Due to the rapid spread of COVID-19, many organizations that provide aid to those in need have been forced to limit their humanitarian efforts. 


Among the aid groups whose operations have been affected by the virus are Relief International, Mercy Corps, Norwegian Refugee Council, Catholic Relief Services, CARE, and Save the Children. The groups have halted all “noncritical missions” in order to curb their exposure to COVID-19 and have issued travel restrictions for members.

Since the COVID-19 outbreak has become so dynamic, leaders of these groups are working quickly to change their travel policies to ensure group members are safe from the virus, while at the same time continuing to provide their services to the poverty-stricken.


The Norwegian Refugee Council temporarily closed its headquarters in Oslo, Norway, and is restricting international travel, but they ramped up aid efforts in countries with limited access to healthcare such as Afghanistan. The NRC is currently helping provide impoverished Afghanis with clean water and other health services. 

“Hopefully it will not impact the work we are doing in the field with refugees and IDPs [internally displaced people] as much. But as time goes by, it is also restricting training and global seminars where we are supposed to have strategies develop. It is the long-term work that could be affected on a global level,” said Tuva Bogsnes of the Norwegian Refugee Council, in a statement.

Various U.N. agencies have also been forced to adapt.
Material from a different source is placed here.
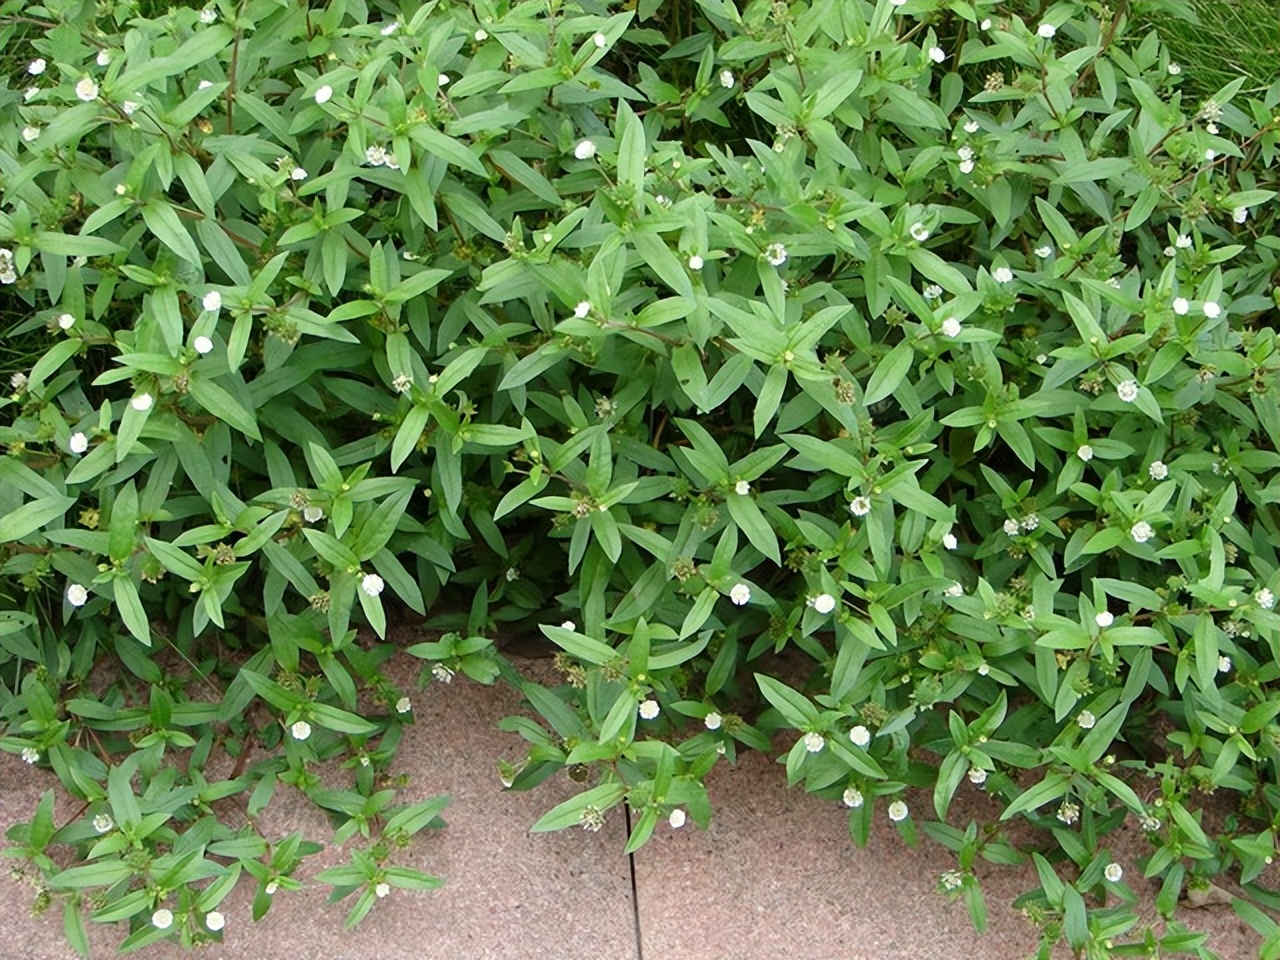 墨旱莲被誉为天然的乌发草,不仅可以药用,嫩茎叶还能当野菜食用

The U.N.’s World Food Programme has restricted all international travel and rescheduled all seminars, workshops, and other meetings, while staff of the United Nations Development Programme is working remotely to “reduce the footprint in our offices and mitigate the risk for all involved,” says Angelique Crumbly, director of the UNDP Bureau for Management Services.

Likewise, a number of other aid organizations have developed new strategies to prevent members becoming infected with COVID-19. Plan International has suspended all “noncritical international travel and activities” since March 31, while Mercy Corps is not allowing employees to travel at all, following the Department of State’s Global Level 4 Health Advisory.
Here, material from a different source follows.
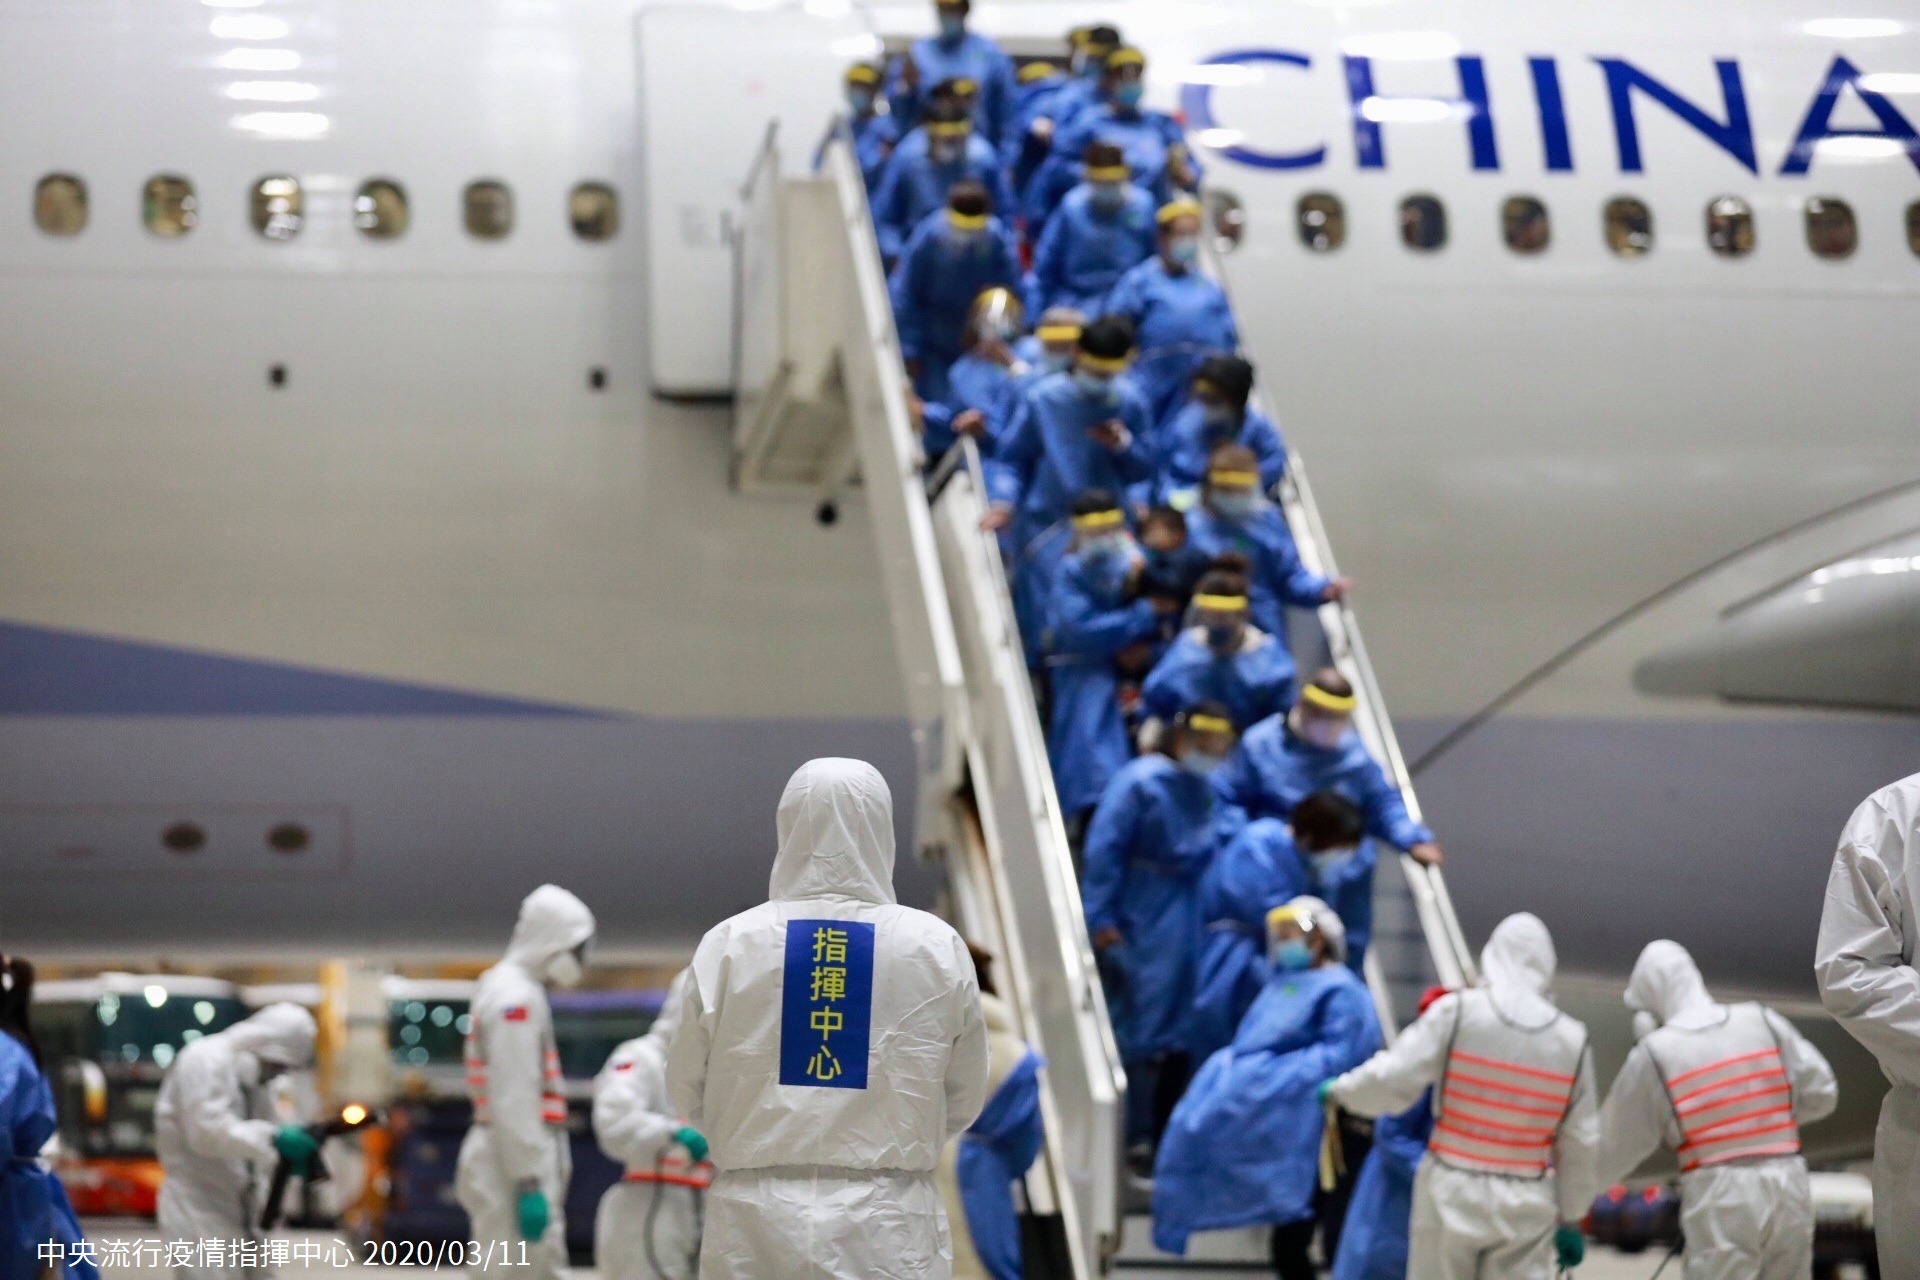 Chuyên cơ chở thương nhân Đài Loan Vũ Hán đợt 2 đã về đến sân bay Đài Loan, những hành khách này sẽ phải cách ly tập trung 14 ngày (ảnh: Sở quản chế bệnh tật)

Relief International is “constantly reviewing risk levels and authorizing travel on a case-by-case basis,” according to director Azadeh Hasani, although the organization is still providing healthcare equipment to hospitals in Iran. And Catholic Relief Services is only allowing staff to travel for “mission-critical” work. 

We should all admire the efforts of international aid groups during these difficult times. Although most organizations are operating on a limited scale, they are still finding ways to help those in need. The humanitarian work being done by these groups helps soften the impact of the COVID-19 pandemic, and supports the people affected most by it.